Il faut dire un mot des opinions de l’historien pour expliquer le tumulte des esprits auquel donna lieu cette discussion littéraire. Bilderdijk était ultra-monarchique : son idéal était l’ancien état féodal tel qu’il avait existé dans les Pays-Bas sous les anciens comtes, souverains de fait, mais non absolus. Ces idées dominent dans son livre : de là un esprit de dénigrement systématique contre Oldenbarneveldt, les frères de Witt et tous les hommes d’état qui ont lutté contre le stadhoudérat. Bilderdijk avait été proscrit par le parti anti-stadhoudérien, et les animosités politiques ou religieuses étaient vivaces dans le cœur du poète. On ne peut du moins s’expliquer autrement ces diatribes amères, ce ton militant et dogmatique, dont s’arrangent les sectaires, mais qui conviennent si peu à l’historien. La lecture de ces pages, quelquefois éloquentes, fait naître une impression pénible : je regrette pour mon compte de voir un esprit distingué, mais chimérique, s’égarer violemment dans les rêves du passé, et chercher parmi des ruines, souvent même au milieu des ténèbres de l’ignorance, le type d’une société dont les esprits ne voulaient déjà plus au XVIe siècle. Tel qu’il est, l’ouvrage de Bilderdijk n’en doit pas moins être consulté par quiconque veut s’initier aux annales de la Néerlande ; il a d’ailleurs rendu des services, il a fait naître la critique historique.
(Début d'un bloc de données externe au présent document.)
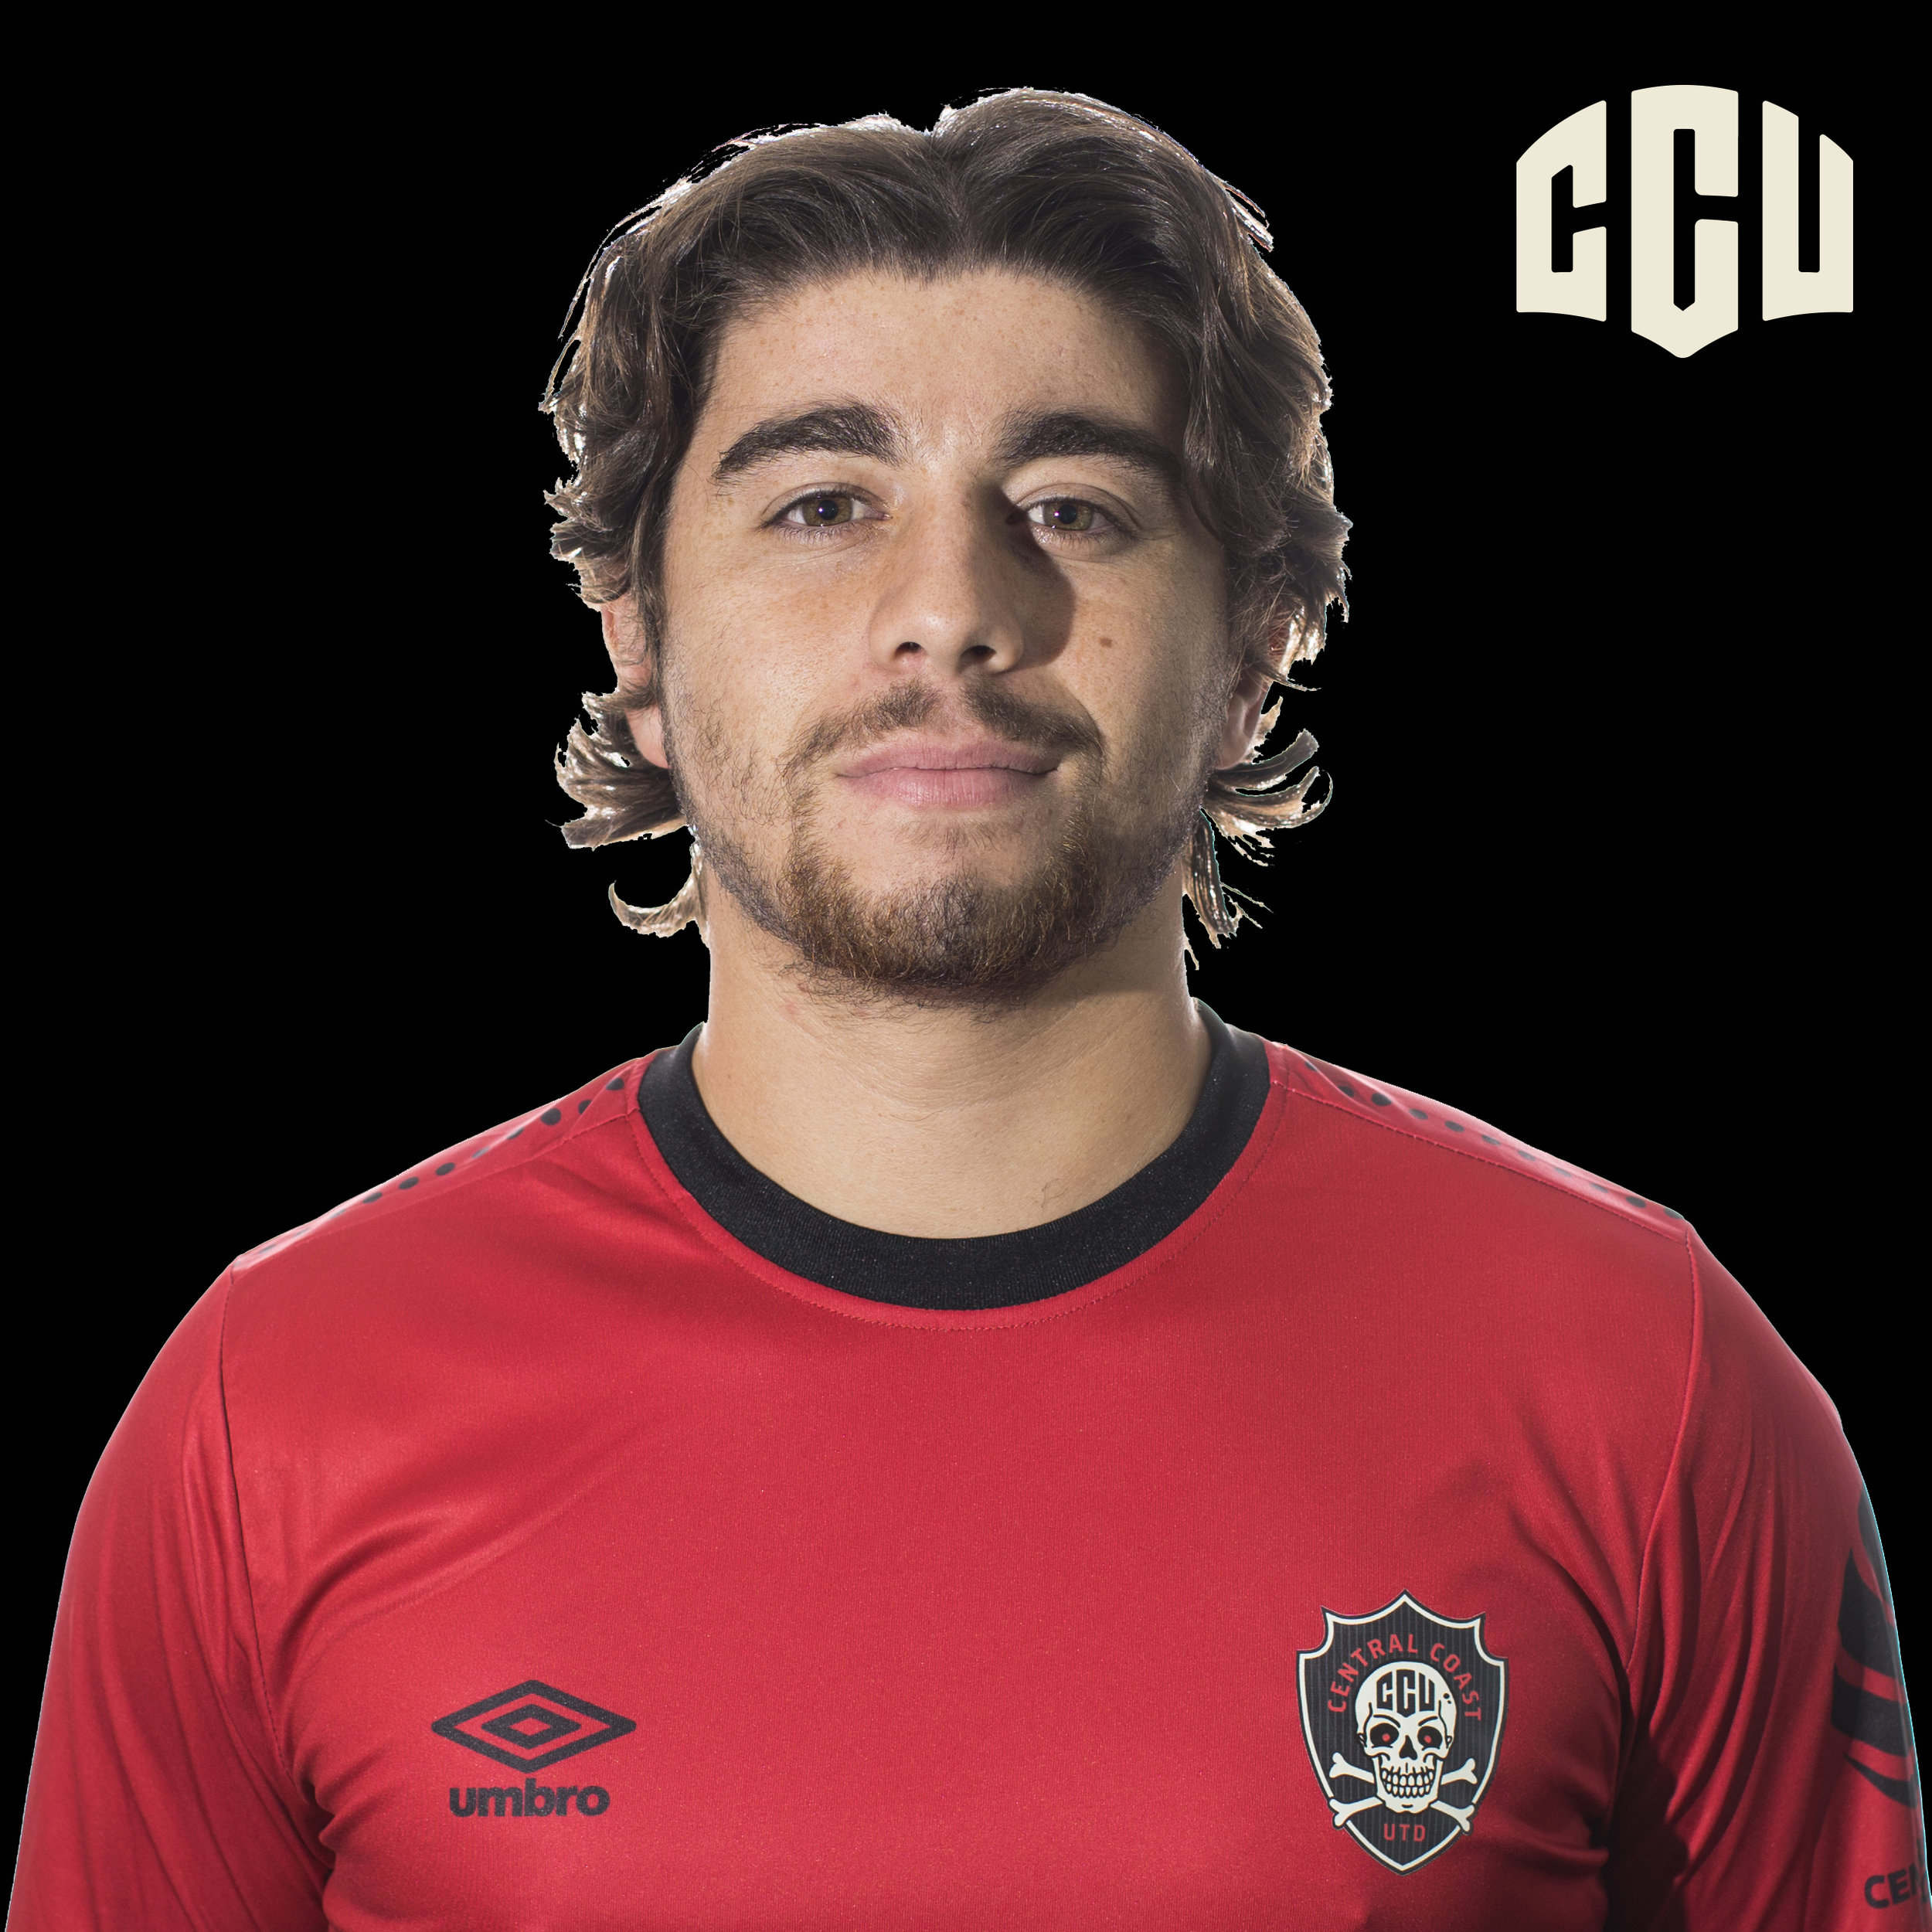 Alex Arbelo

L’admiration exclusive de Wagenaar avait posé des bornes à l’examen des faits et à l’esprit de curiosité ; ces bornes, on ne pouvait les renverser « qu’en déclarant, comme dit M. Groen van Prinsterer, une guerre à mort à cette histoire stéréotypée qui avait pris possession des esprits[1]. » Depuis ce temps-là, grâce à la publication de nombreux documens, l’horizon historique s’est élargi ; on a défriché le vaste champ des

  1. Les Archives de la maison d Orange.